Bill that would slash student loans stalls
A bill that would cut approx $8.7 billion in federal funds to the student loan program has stalled in the U.S. House of Representatives after it failed to gain enough votes.
House Resolution 609, a provision of the Budget Reconciliation Bill, is scheduled for a vote on the House floor before the end of the year, but has been stalled because the larger bill failed to gain enough votes. Sponsors and proponents of the Budget Reconciliation Bill have delayed voting for another week.
Many student aid associations oppose the bill, as it is likely to increase a student's unmet financial need, which would discourage many students from pursuing higher education.
"We must be careful when cutting wasteful (student loan) programs that we are not hurting those who are in need," said Bruce Benson, Metro Board of Trustees chair.
HR 609 would renew the variable interest rate on student loans, which is set to expire July 1. If not renewed, the variable student loan interest rate would be raised from 4.7 percent to 6.8 percent, and would remain static.

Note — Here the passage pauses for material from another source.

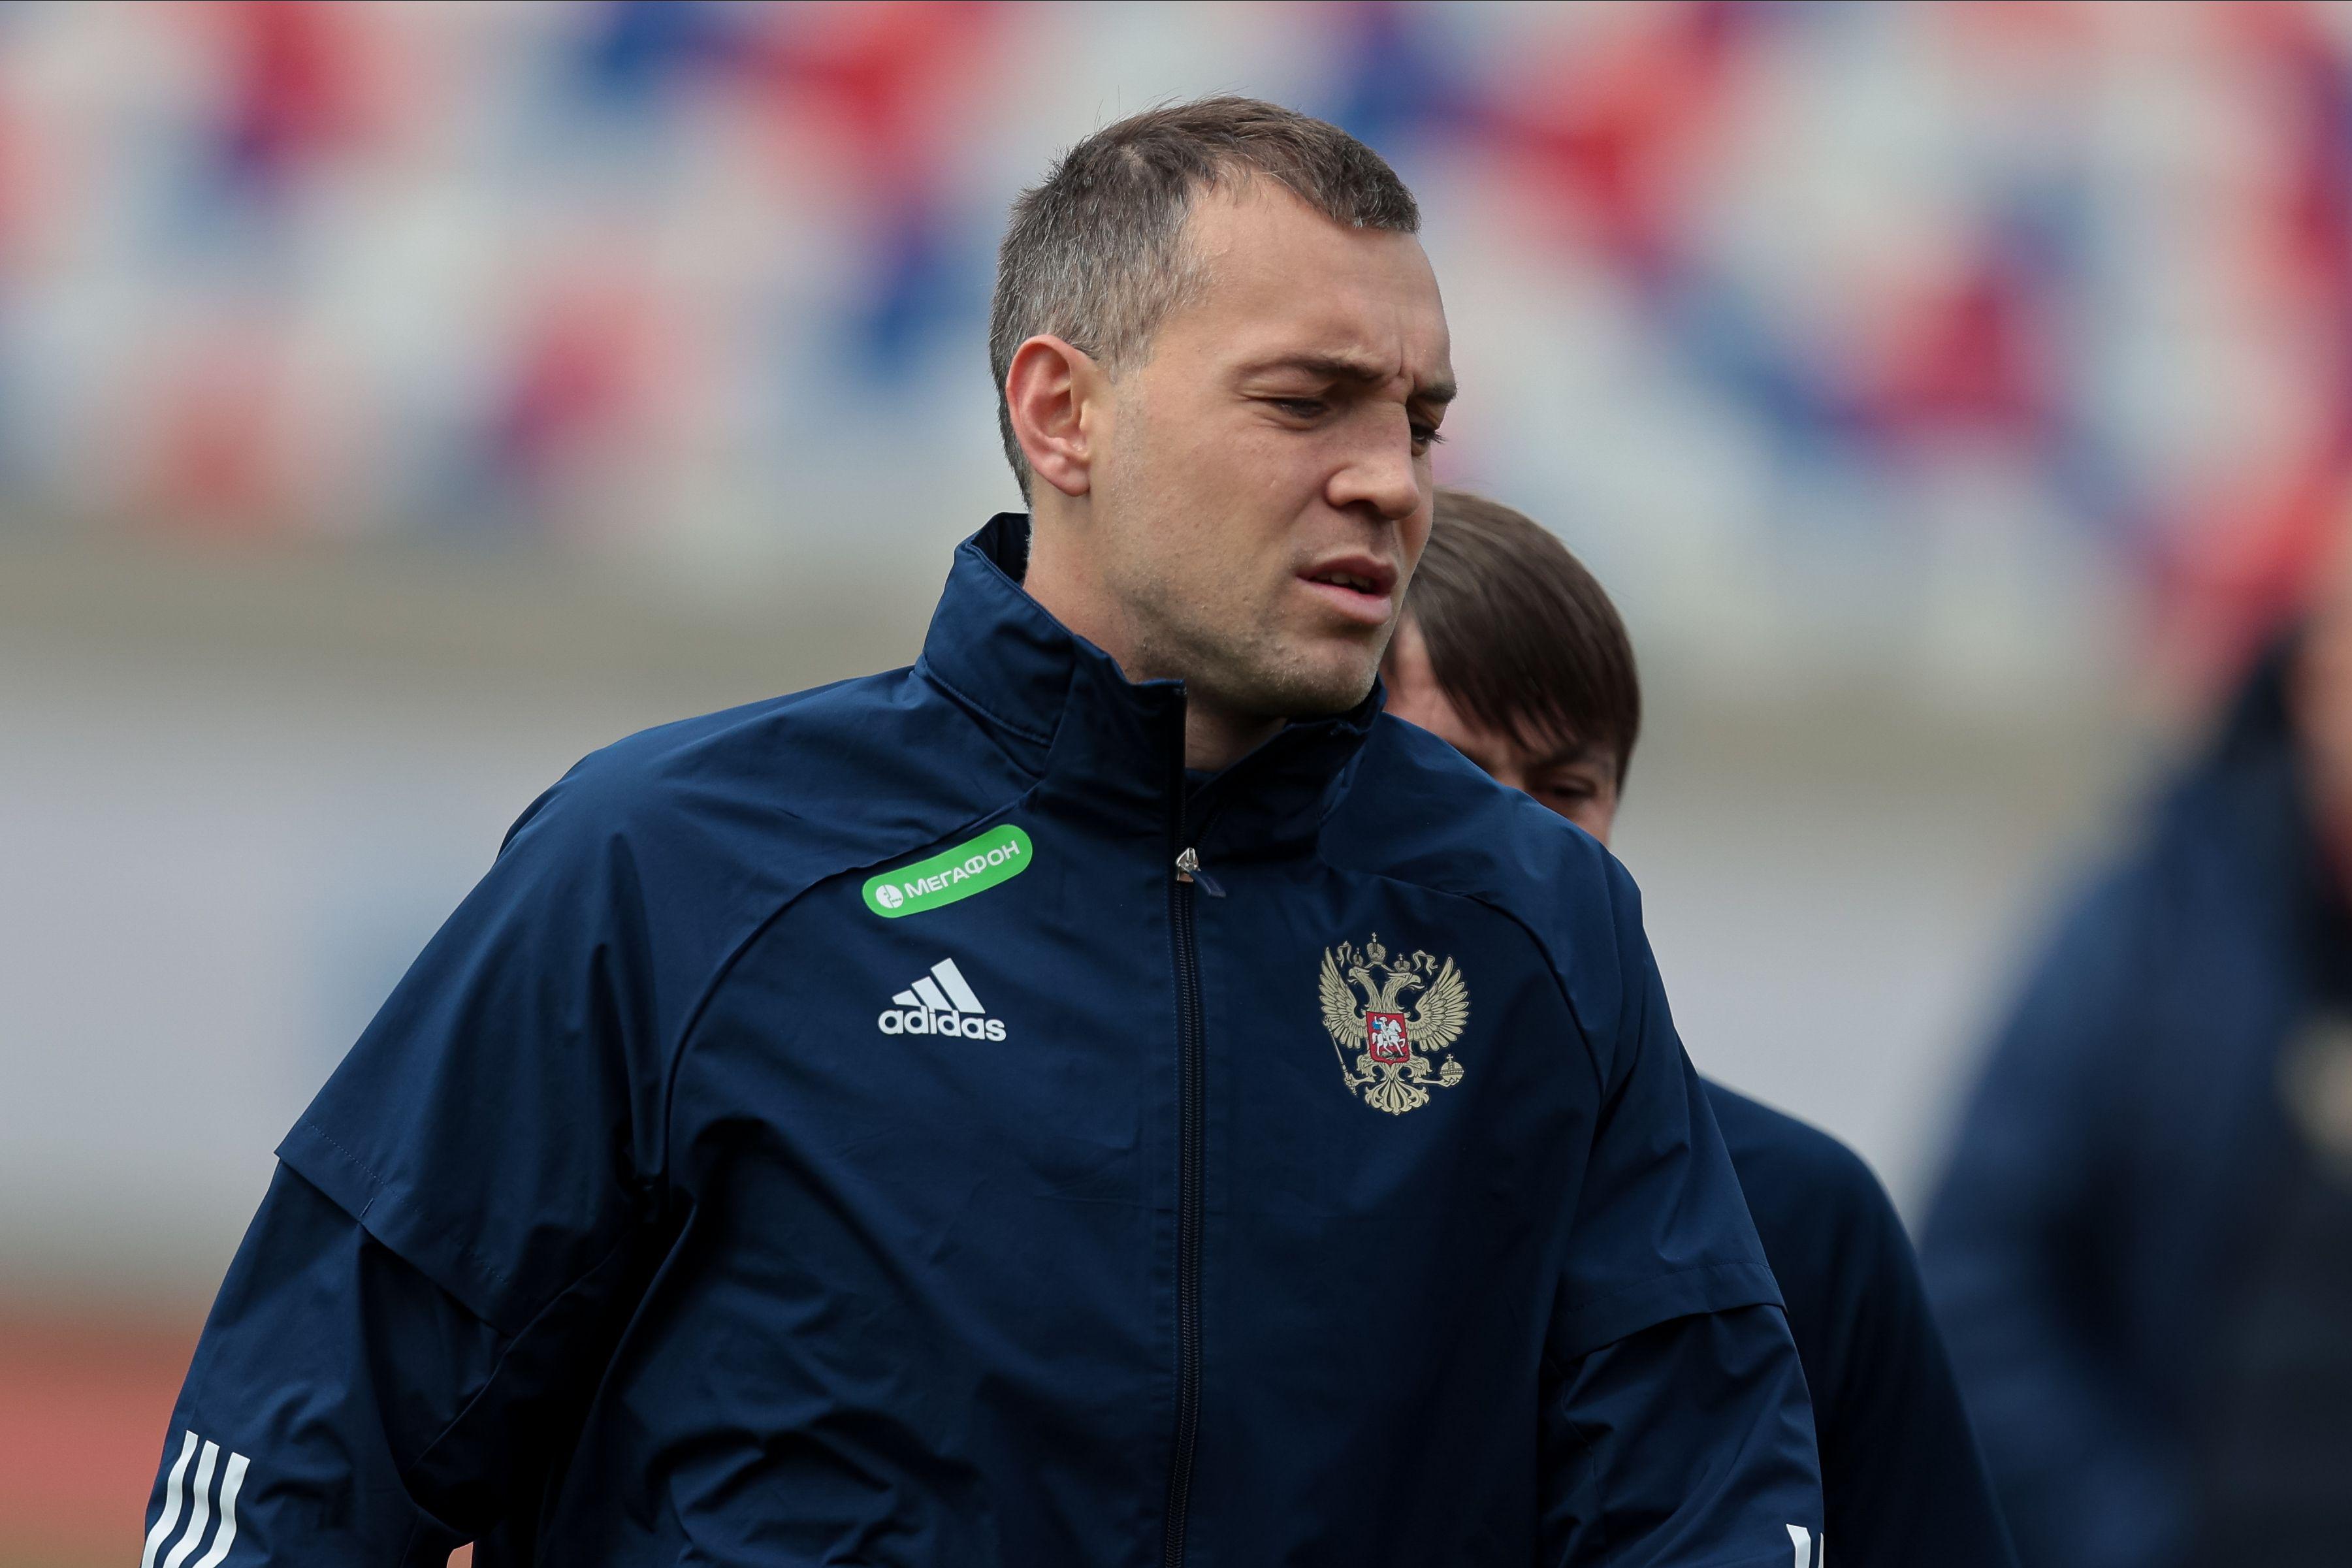 Иностранцы - о Дзюбе: 'Один из самых физически внушительных игроков в Европе'
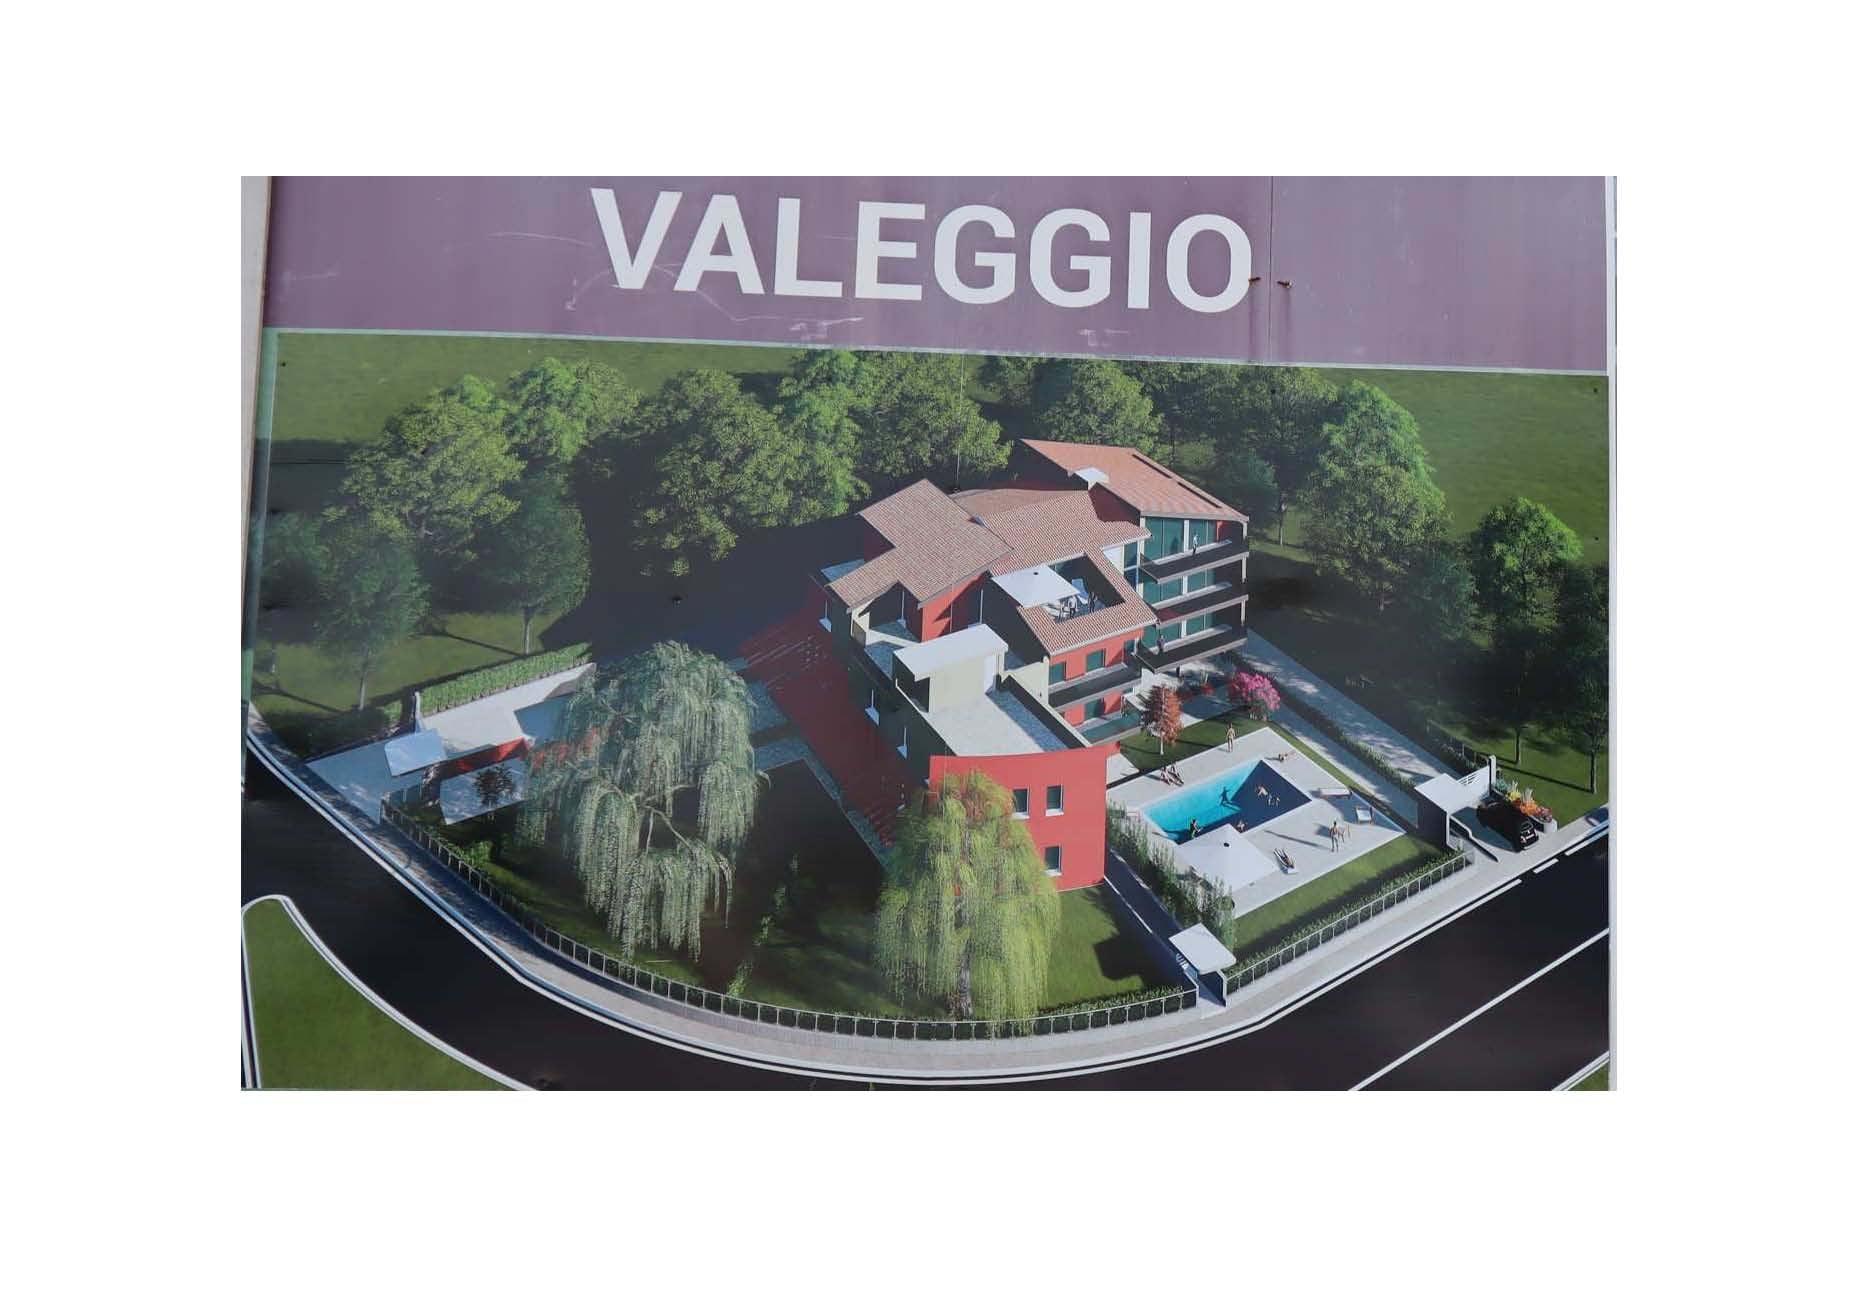 VALEGGIO

"The variable interest rate allows for (borrowers) to take advantage of market fluctuations, capping the interest rates at 8.25 percent and offering student borrowers access to lower interest rates when the market produces them," said Alexa Marrero, a spokesperson for the U.S. House Education and Workforce Committee.
"(H.R. 609) would make the student loans program more efficient, offering students more bang for their buck."
Christopher Arend, spokesman for Rep. Diana DeGette, D-Colo., said the Congresswoman finds the bill "deeply troublesome."
"She is concerned that HR 609 increases the cost of attending college by raising student loan interest rates and eliminating important benefits students rely on today," Arend said in an e-mail.
Luke Swarthout, a spokesperson for the Colorado Public Interest Research Group for the Federal Higher Education project, a group that advocates on behalf of college students to make higher education more affordable, said H.R. 609 would unnecessarily put financial burden on the backs of students.
"The typical student (accrues) $17,500 in debt and (H.R. 609) could cost students an additional $5,800 in interest payments over the life of the loan, making repayment more onerous for millions of college students," Swarthout said. "H.R. 609 would (raise) interest rates for larger loans over a longer period of time."
UCD's CoPIRG chapter has been working to raise awareness of the threat to the nation's student loan program.
A similar bill that would reduce spending by $35 billion has already passed in the senate with a 52-47 vote.